Total time: 26 min • Prep: 15 min • Cook: 11 min • Serves: 10 • Difficulty: Easy

These ultra-thin cookies are super crunchy and flavourful. Swap orange zest for the lemon or lime if you prefer.

Ingredients

Salted butter

3⅓ tbsp(s), softened

Sugar

½ cup(s)

Egg whites

2 serving(s)

Cake flour

⅓ cup(s)

Vanilla extract

½ tsp(s)

Lemon zest

2 tsp(s), finely chopped

Lime zest

2 tsp(s), finely chopped

Instructions

1

Preheat oven to 350ºF. Place parchment paper on 2 cookie sheets.

2

Using an electric mixer, cream butter and sugar in a medium bowl until light and fluffy. Add egg white and stir until just blended. Sift cake flour over butter mixture and mix with a spoon; fold in vanilla.

3

Remove half of batter and place in a medium bowl; set aside. Fold lemon zest into one bowl and lime zest into other bowl.

4

Drop heaping teaspoons of batter onto prepared cookie sheets leaving at least 3-inches between each cookie.

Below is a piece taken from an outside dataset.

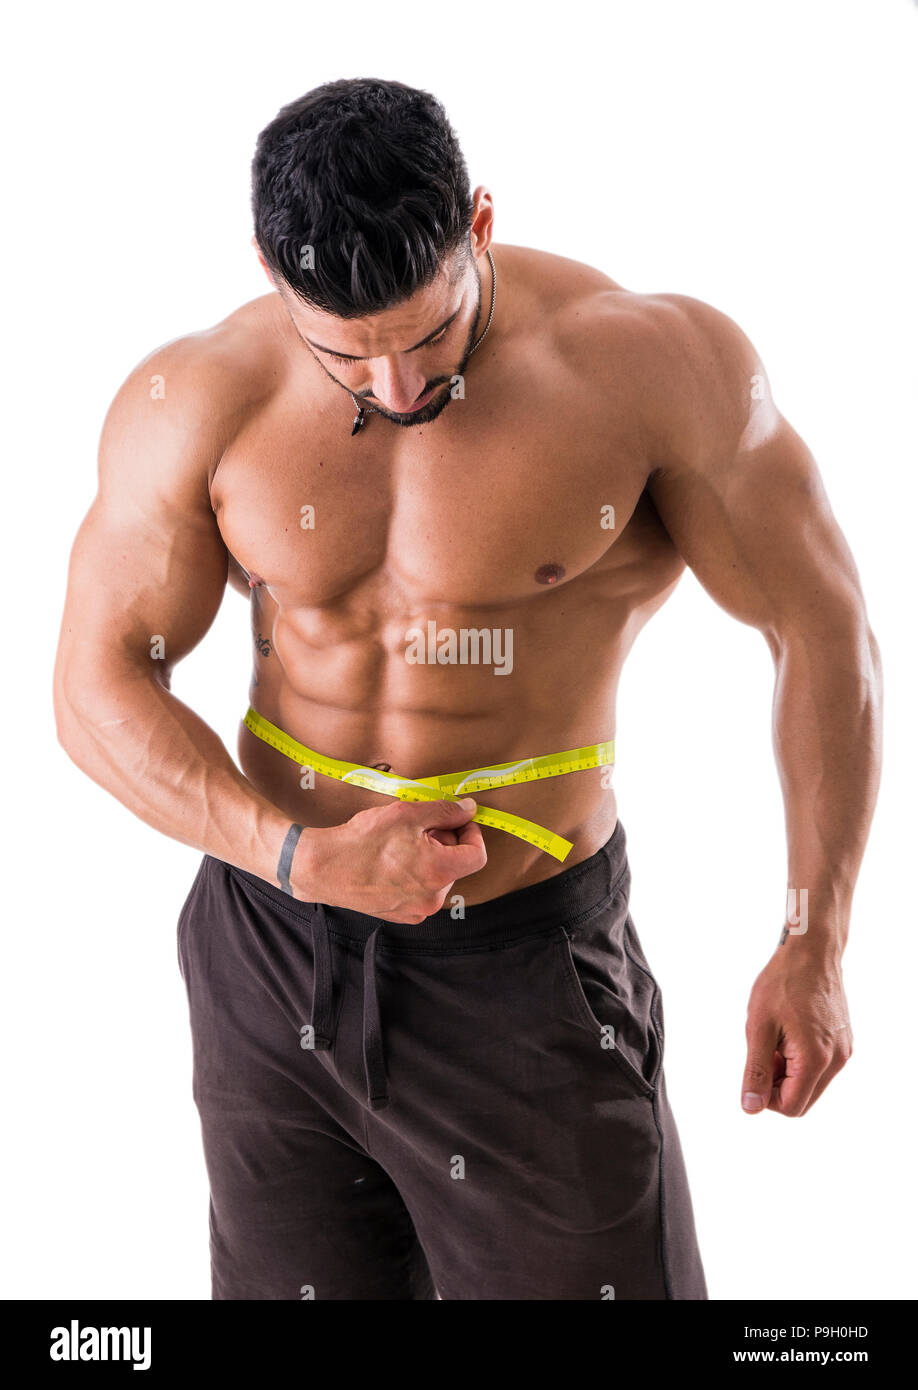 https://c8.alamy.com/comp/P9H0HD/muscular-bodybuilder-man-measuring-belly-with-tape-measure-P9H0HD.jpg

When cookie sheet is full, flatten out cookies with back of a spoon so cookies look almost translucent and measure about 3-inches across. (You may have to do this in batches depending on the size of your cookie sheets.)

5

Bake until edges start to brown, about 4 to 5 minutes. Remove from oven and quickly transfer cookies to a cooling rack using a thin metal spatula. Yields 4 cookies per serving.